__INFORMATION PROVIDED__.
┌────────
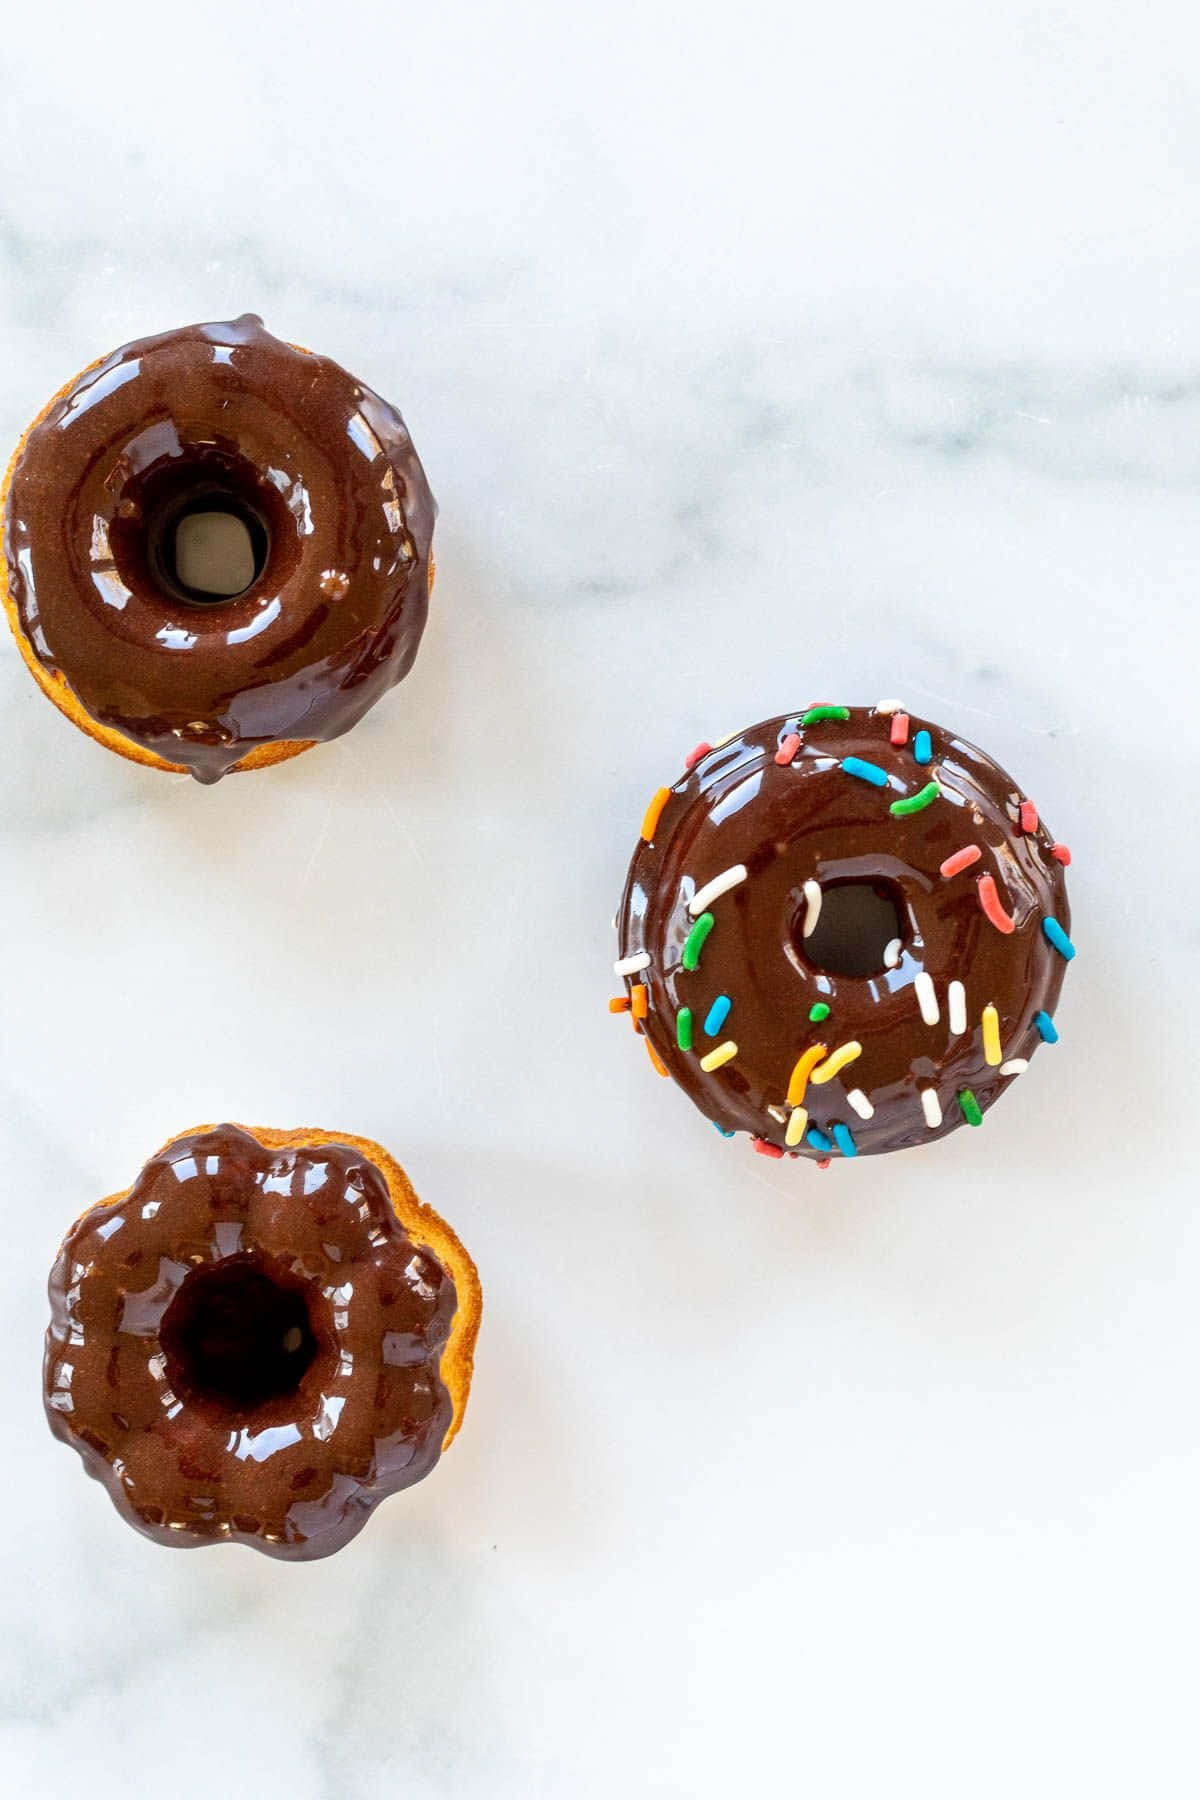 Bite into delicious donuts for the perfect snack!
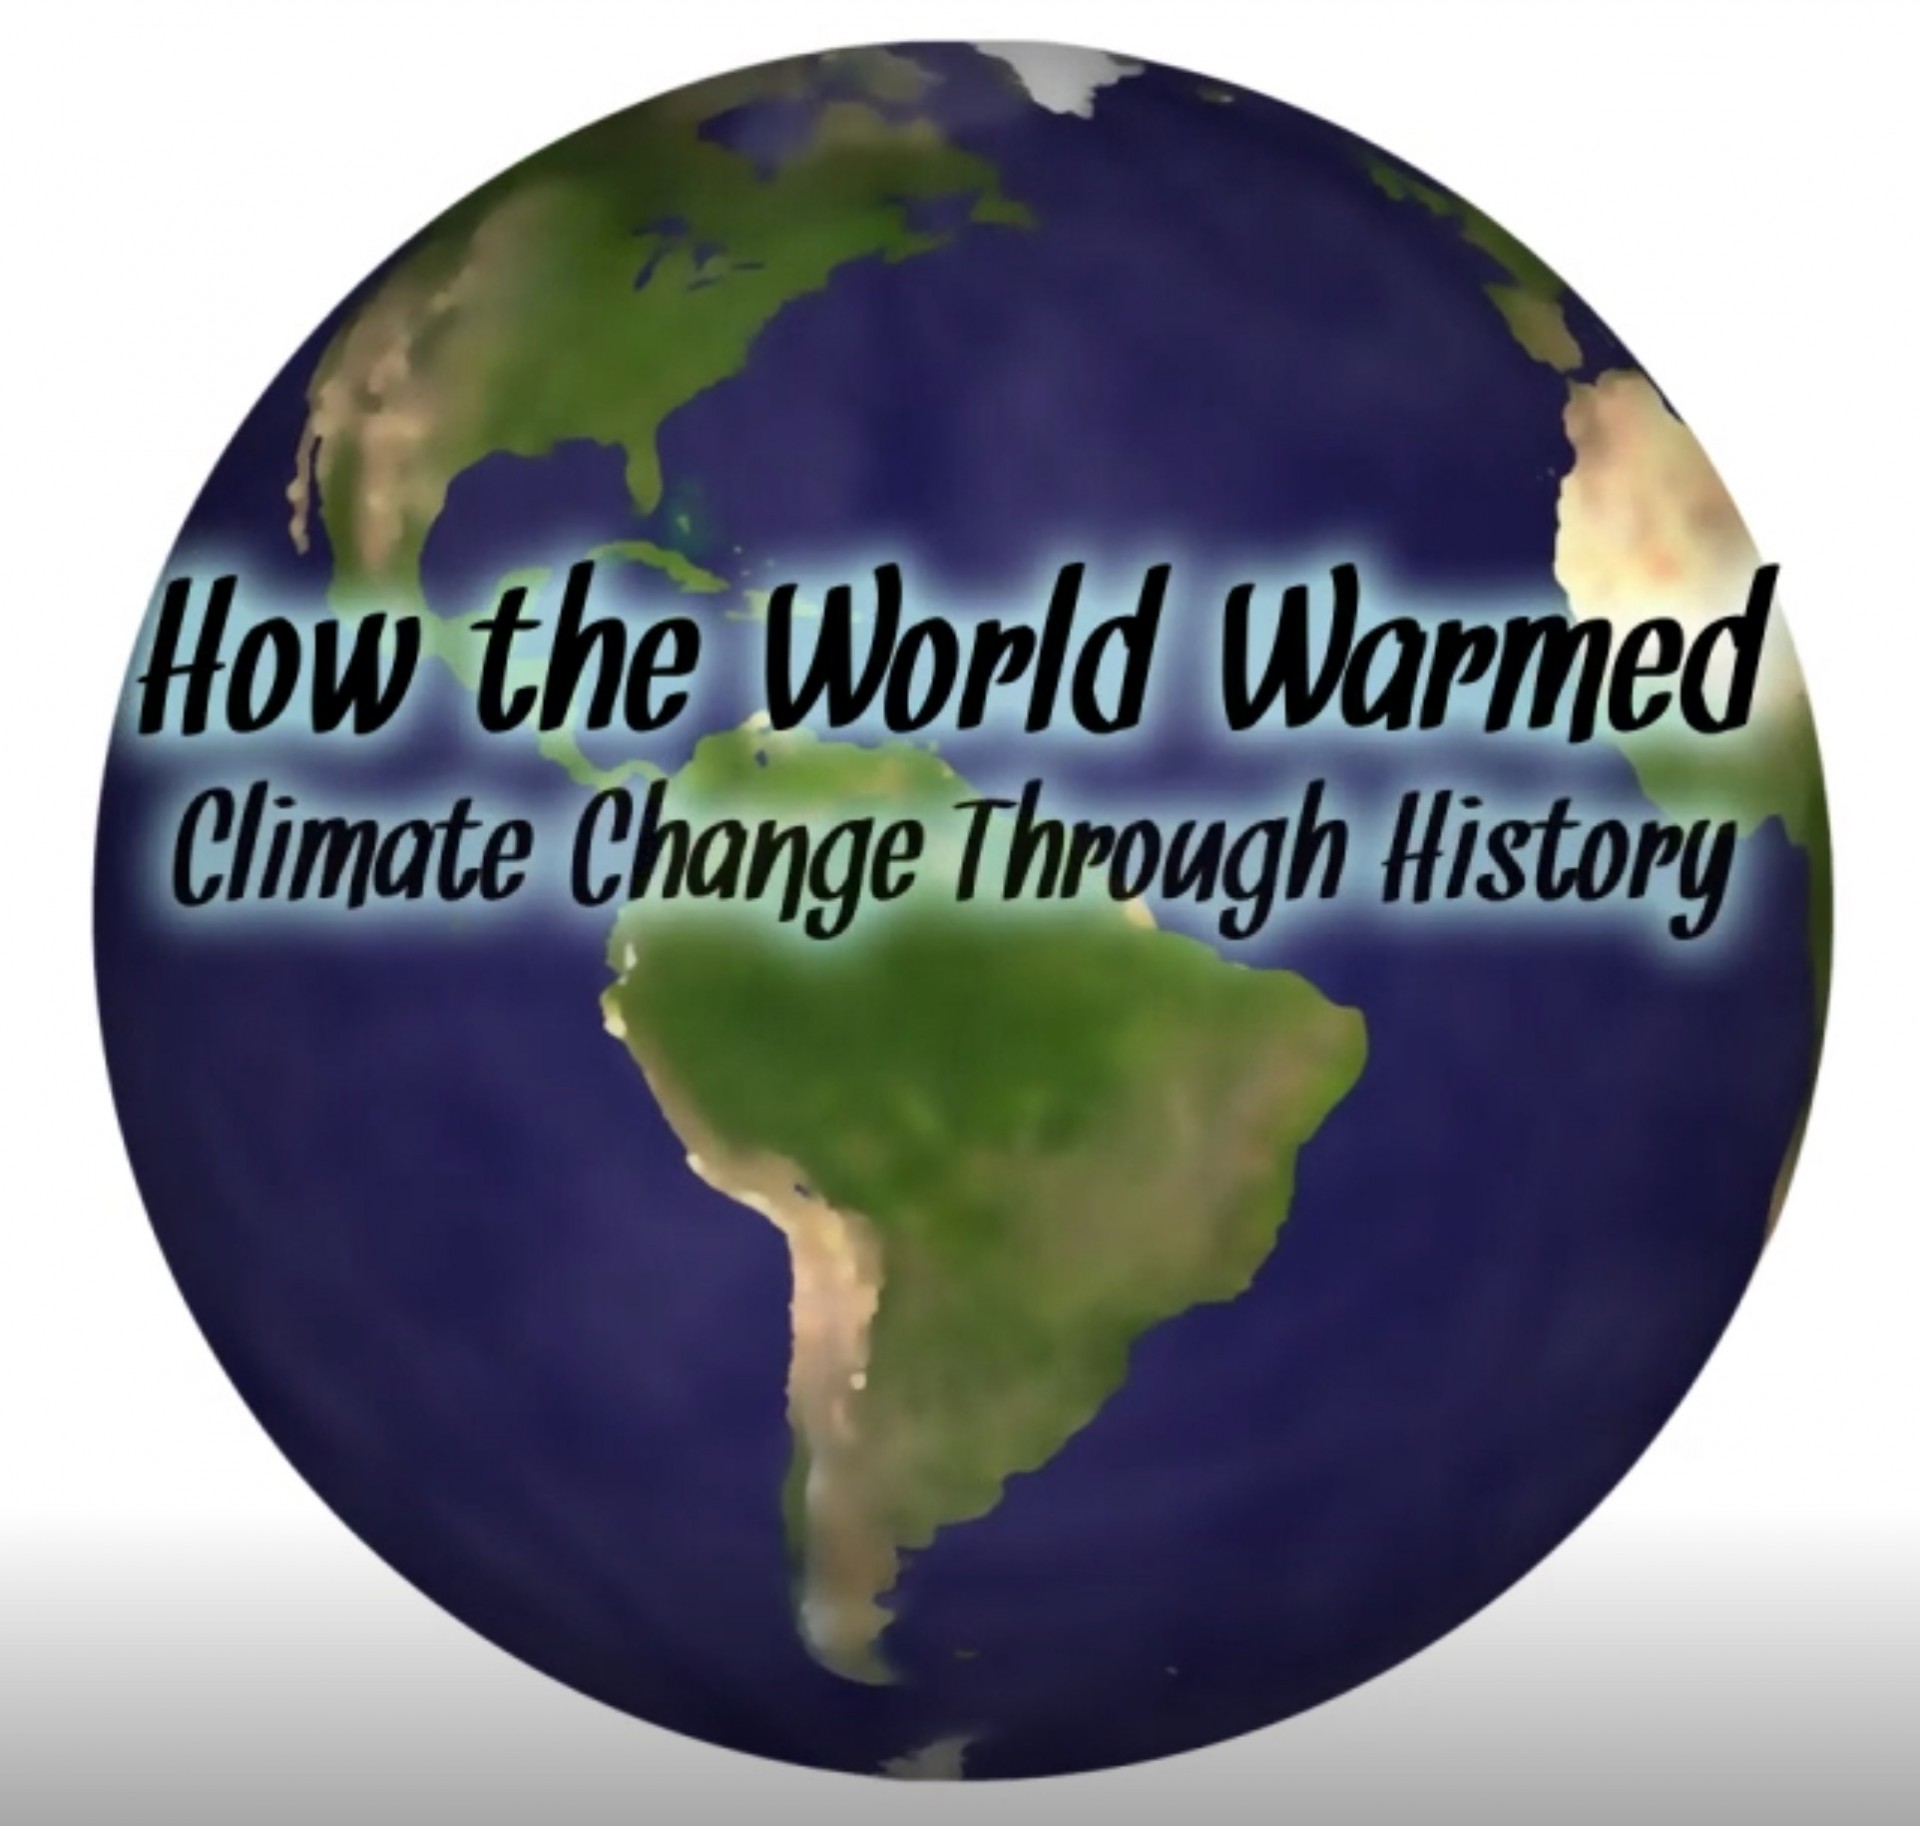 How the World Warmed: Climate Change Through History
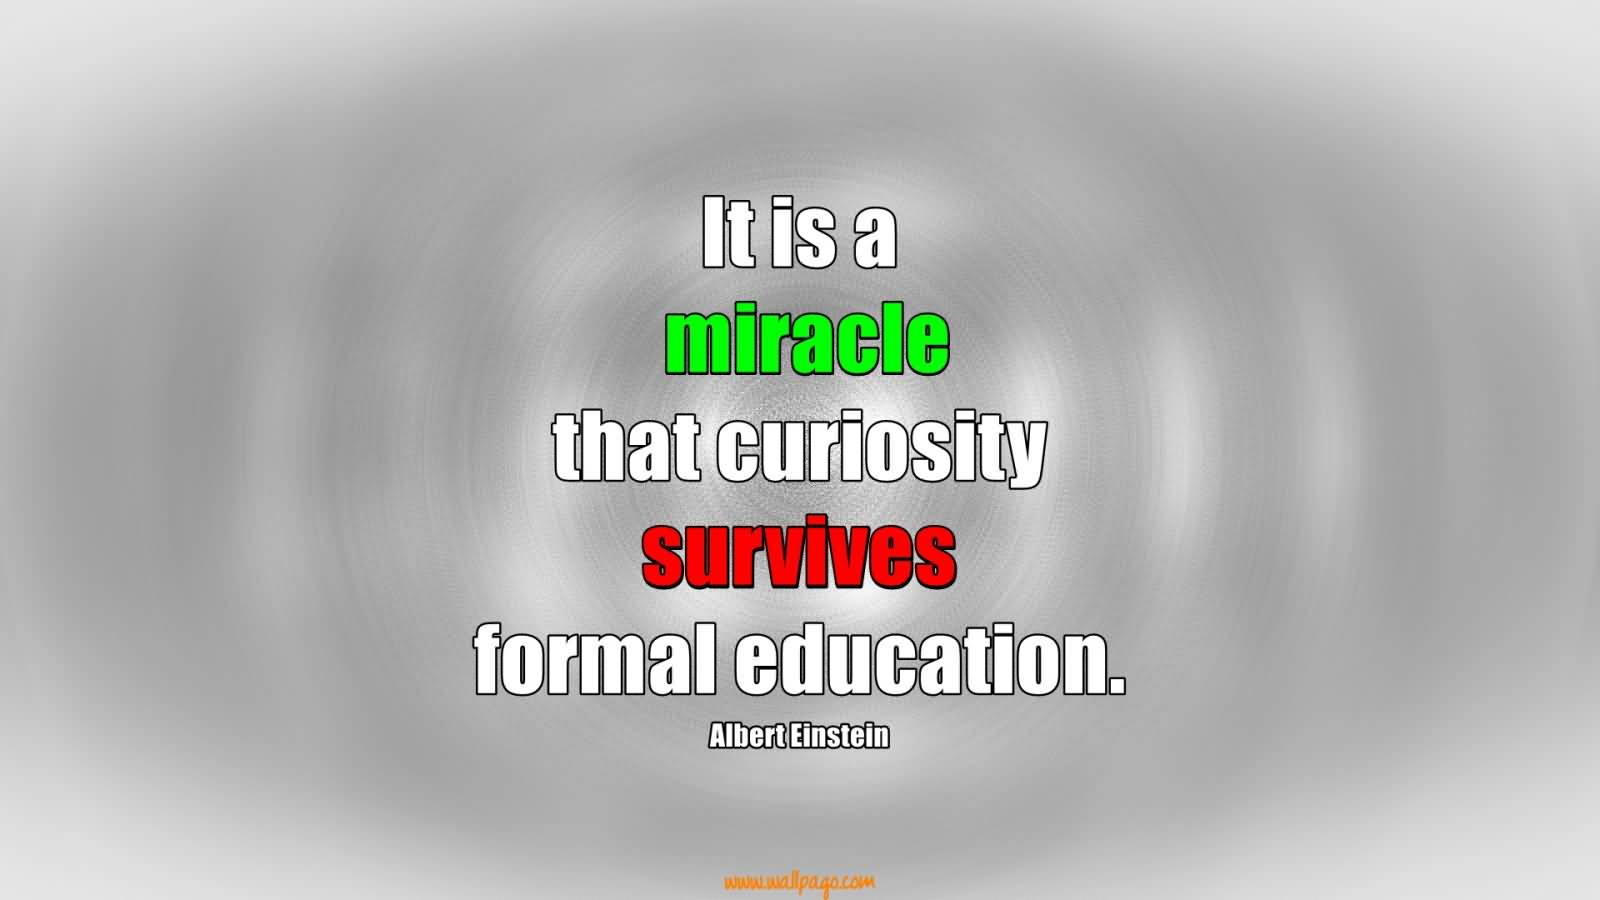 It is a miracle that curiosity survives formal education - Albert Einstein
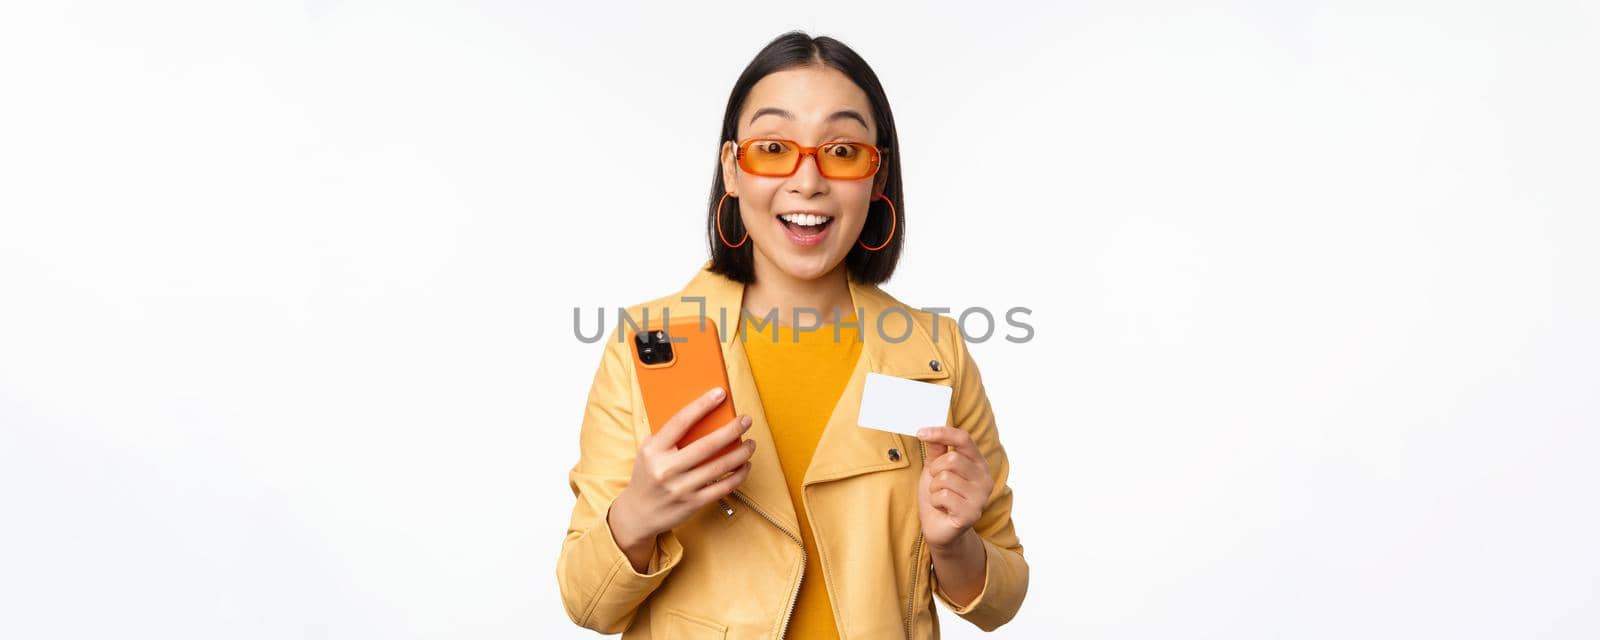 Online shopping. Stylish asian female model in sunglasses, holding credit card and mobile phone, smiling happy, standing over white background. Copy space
└────────
__TASK TO COMPLETE__. For this exercise, give the listing again exactly as written, with the pictures omitted.

__TASK SOLUTION__.
 Bite into delicious donuts for the perfect snack!
 How the World Warmed: Climate Change Through History
 It is a miracle that curiosity survives formal education - Albert Einstein
 Online shopping. Stylish asian female model in sunglasses, holding credit card and mobile phone, smiling happy, standing over white background. Copy space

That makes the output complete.